The Boston Phoenix
by Susan Ryan-Vollmar – April 20, 2000
You’d think that someone willing to pay the Boston Globe $25,000 to place an ad that merely publishes information already available to any Fleet Bank customer would find himself fighting off ad reps. Well, think again.
Bruce Marks, chief executive officer of the nonprofit Neighborhood Assistance Corporation of America (NACA), tried to do just that — and the Globe refused to run the ad. Titled “Fleet’s Outrageous Fees,” the NACA advertisement lists the circumstances that could trigger bank charges for Fleet customers. It encourages readers to join NACA and mentions Fleet’s annual meeting — scheduled for this past Tuesday, April 18. (Marks wanted the ad to run April 13, 14, or 17 so it would appear before the meeting.)
“Yes, we did turn it down,” says Globe spokesman Rick Gulla. “We could not come to some accommodation.” Specifically, Gulla says, the Globe had concerns about the accuracy of the “fee structure” listed in the ad.

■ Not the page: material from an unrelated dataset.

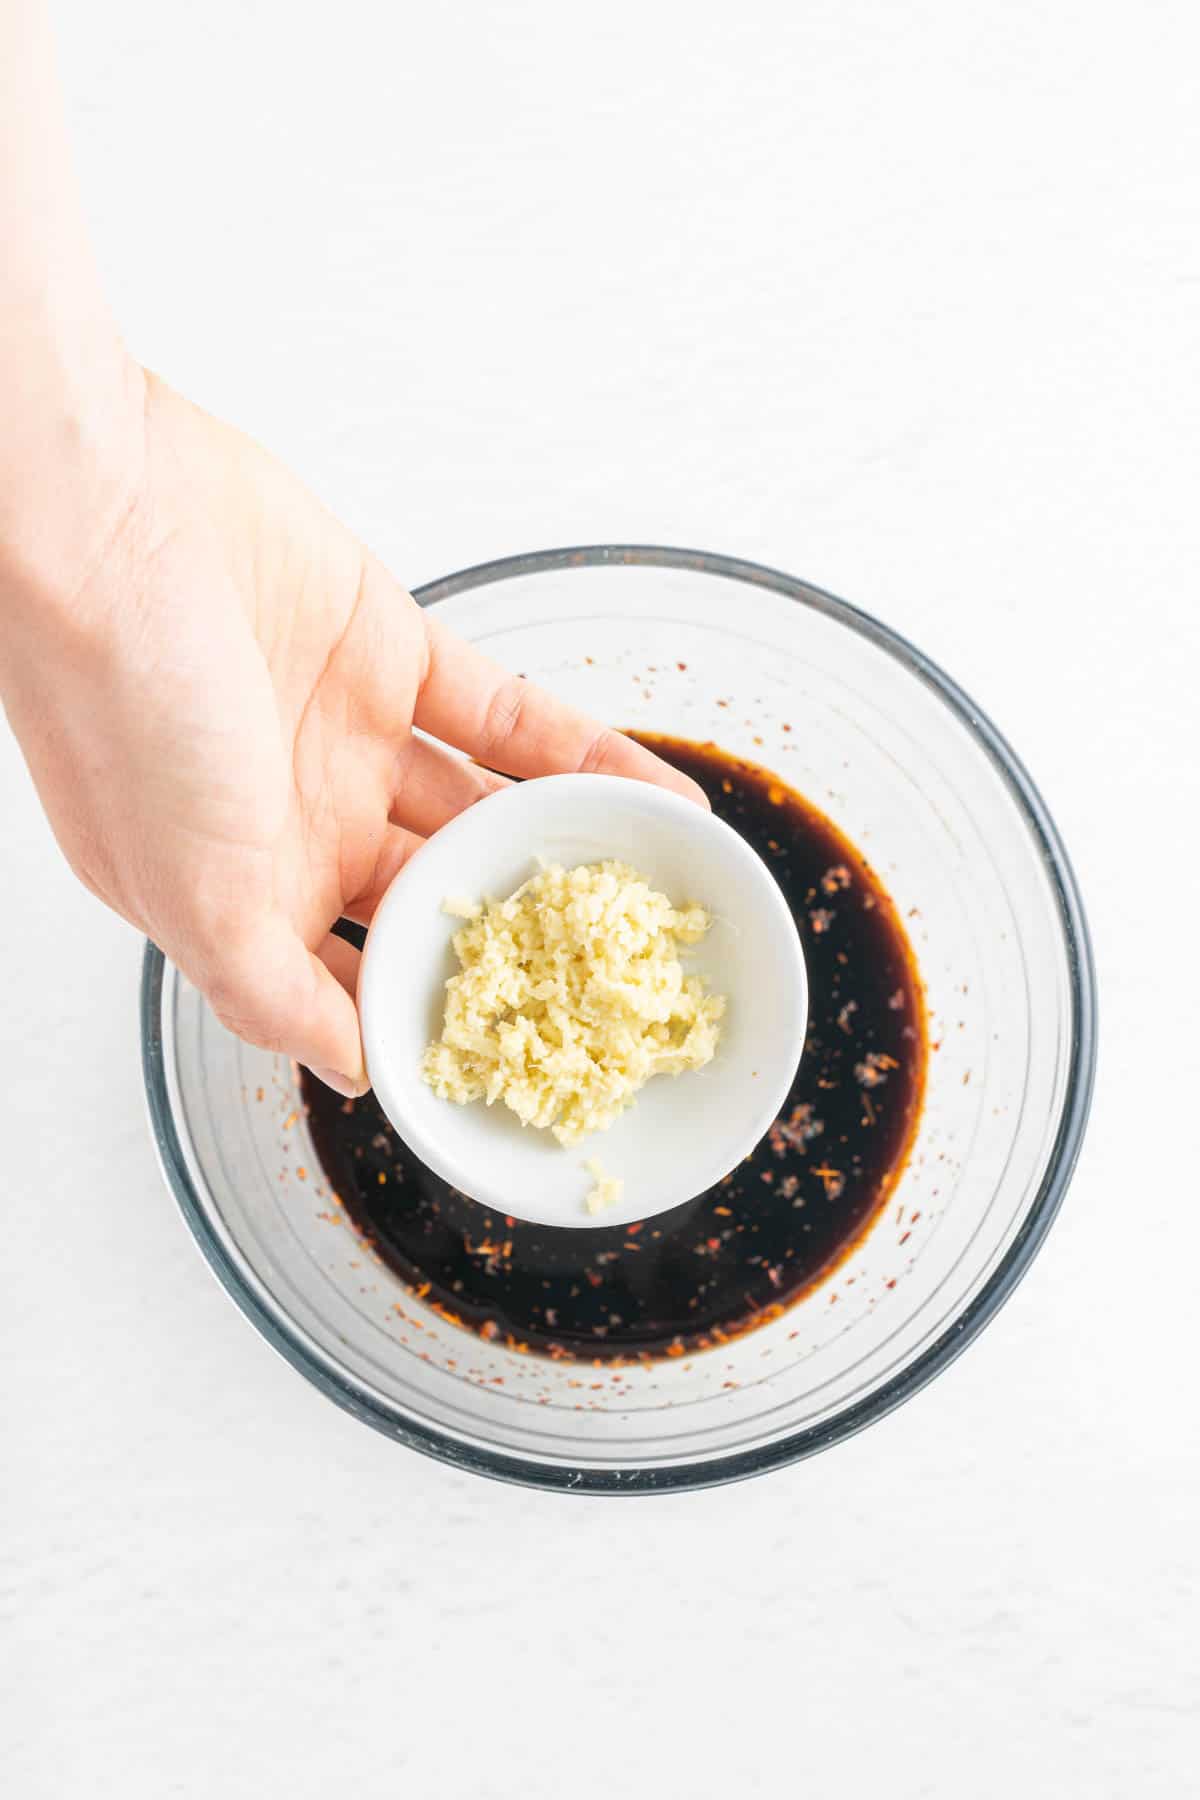 A hand holding a bowl of minced garlic over soy sauce and other ingredients.

A Fleet representative was consulted, Gulla says, and “what Fleet told us led us to believe that some of the language in the ad was misleading.”

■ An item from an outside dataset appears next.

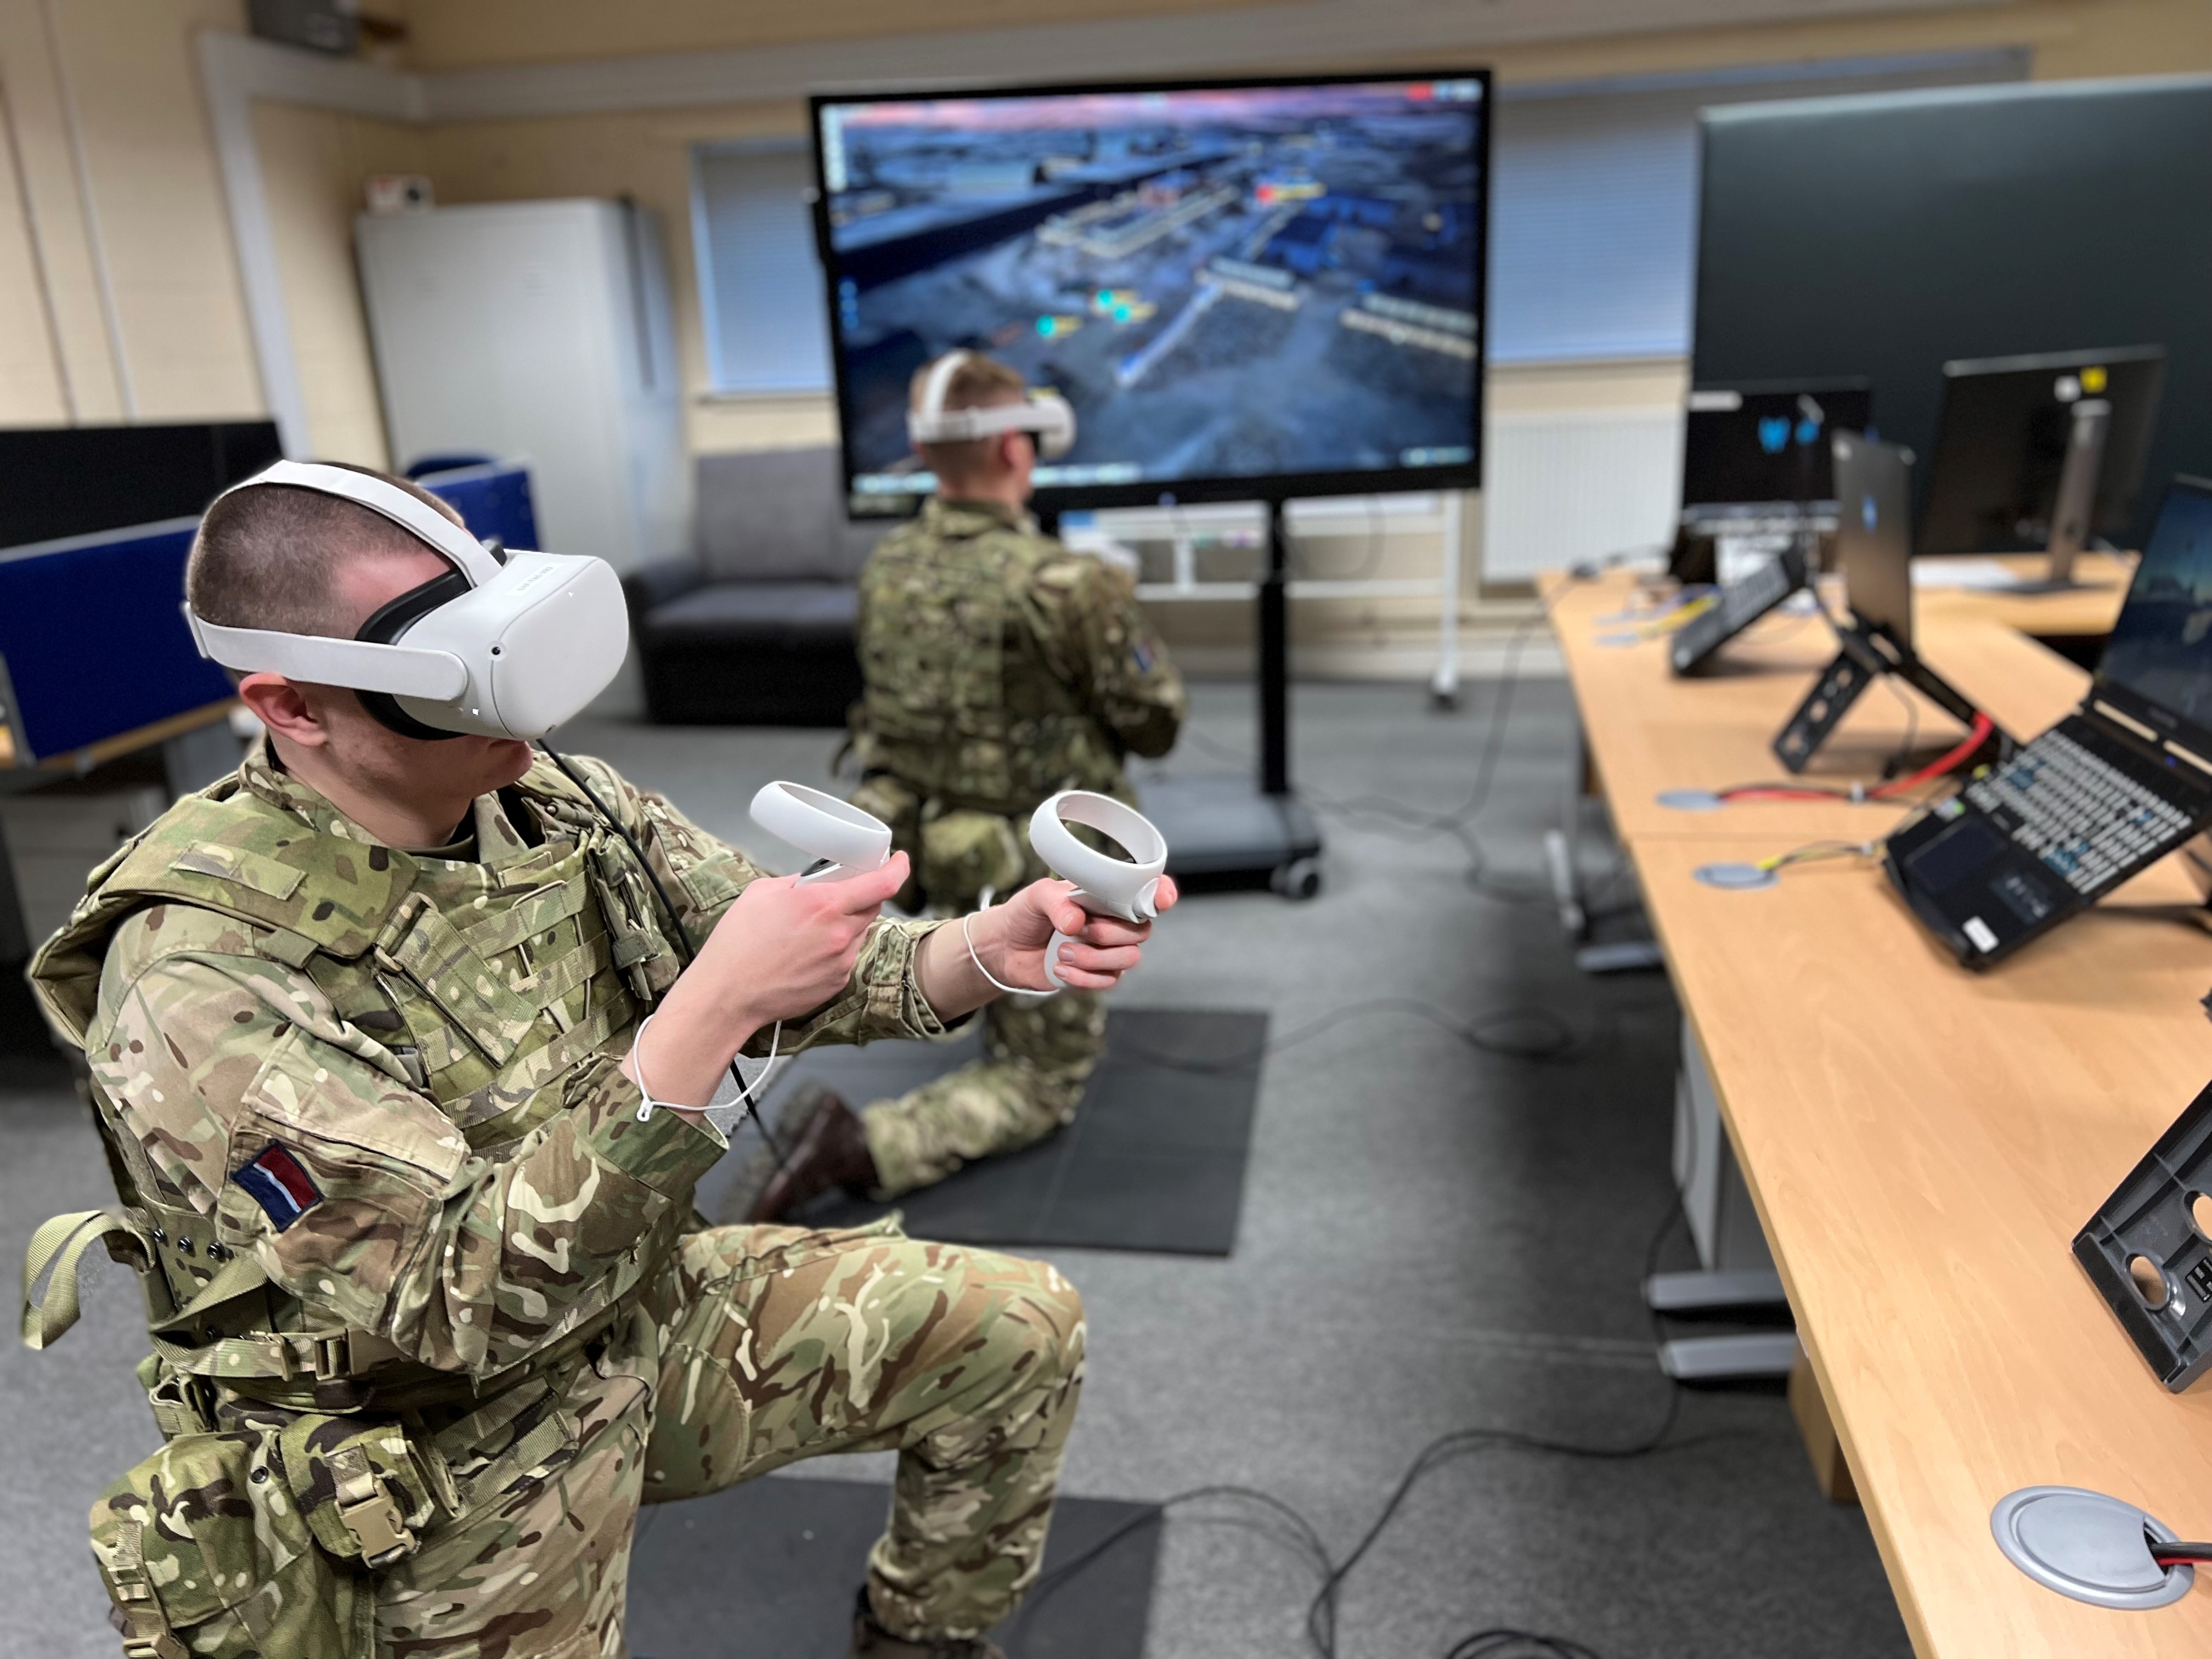 Personnel wear Virtual Reality headsets and use equipment.

The ad notes that fees will be levied for using Fleet ATMs, writing checks, talking to a teller, maintaining an account, and talking to a Fleet service representative. An asterisked line notes that the fees “may be waived if you keep thousands of dollars in Fleet accounts or if you make a limited number of transactions, service calls, or have certain types of accounts.”

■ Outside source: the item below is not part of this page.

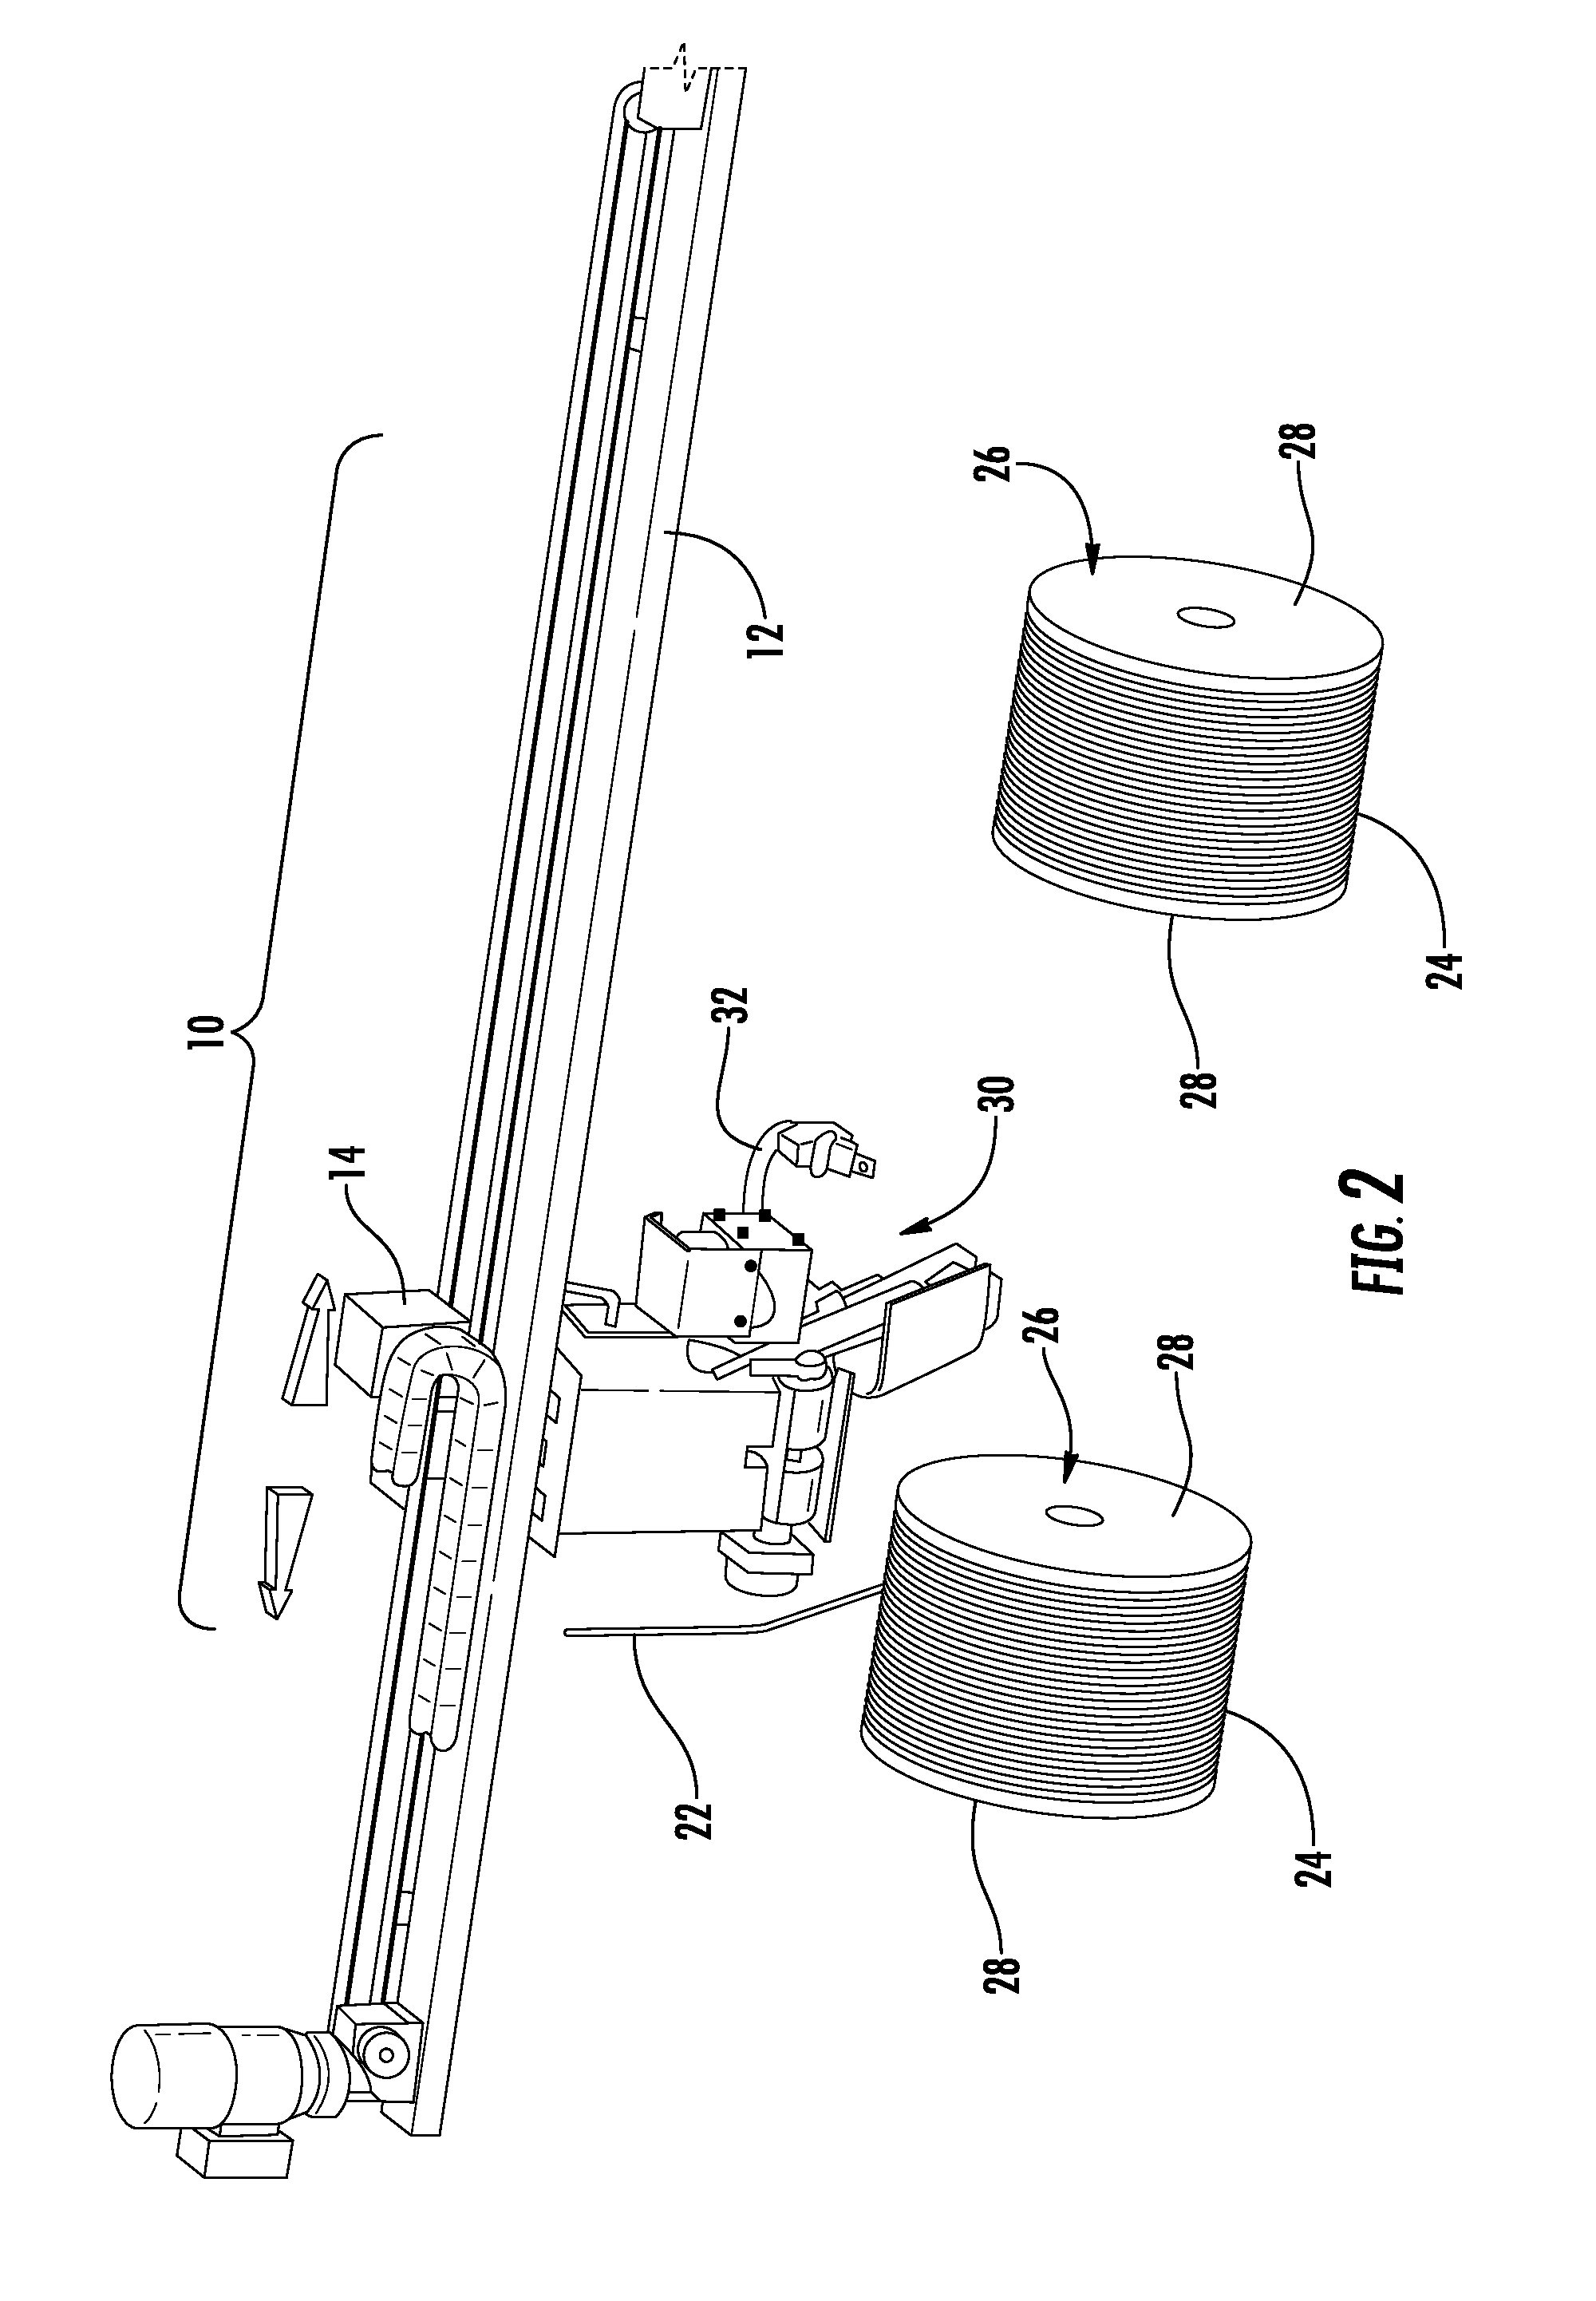 System and method for securing free end of wound cable

All of which is true, according to a chart provided in Introducing Fleet: Your Guide to Fleet Products and Services, a 28-page booklet recently sent out to BankBoston customers whose accounts now belong to Fleet following the merger of the two banks.
“It’s outrageous,” Marks says. “They never gave us the opportunity to address the issues that Fleet raised [about the fees].”
Could it be that the $25,000 the NACA ad would have generated for the Globe wasn’t worth the trouble that could have been caused by irritating a major advertiser such as Fleet? Gulla says no. “We have to be sure here at the Globe that an ad of this nature is accurate and not misleading,” he says. “This is not an ad that appears in the Globe every day. This is an ad that is attacking a company in Boston. We have to make sure that the content of the ad is accurate.”
Marks, though, thinks differently. “We talk about corporate money controlling politicians,” he says. “Well, now you’re seeing corporate money determining who can put an ad in the Boston Globe and what that ad can say.”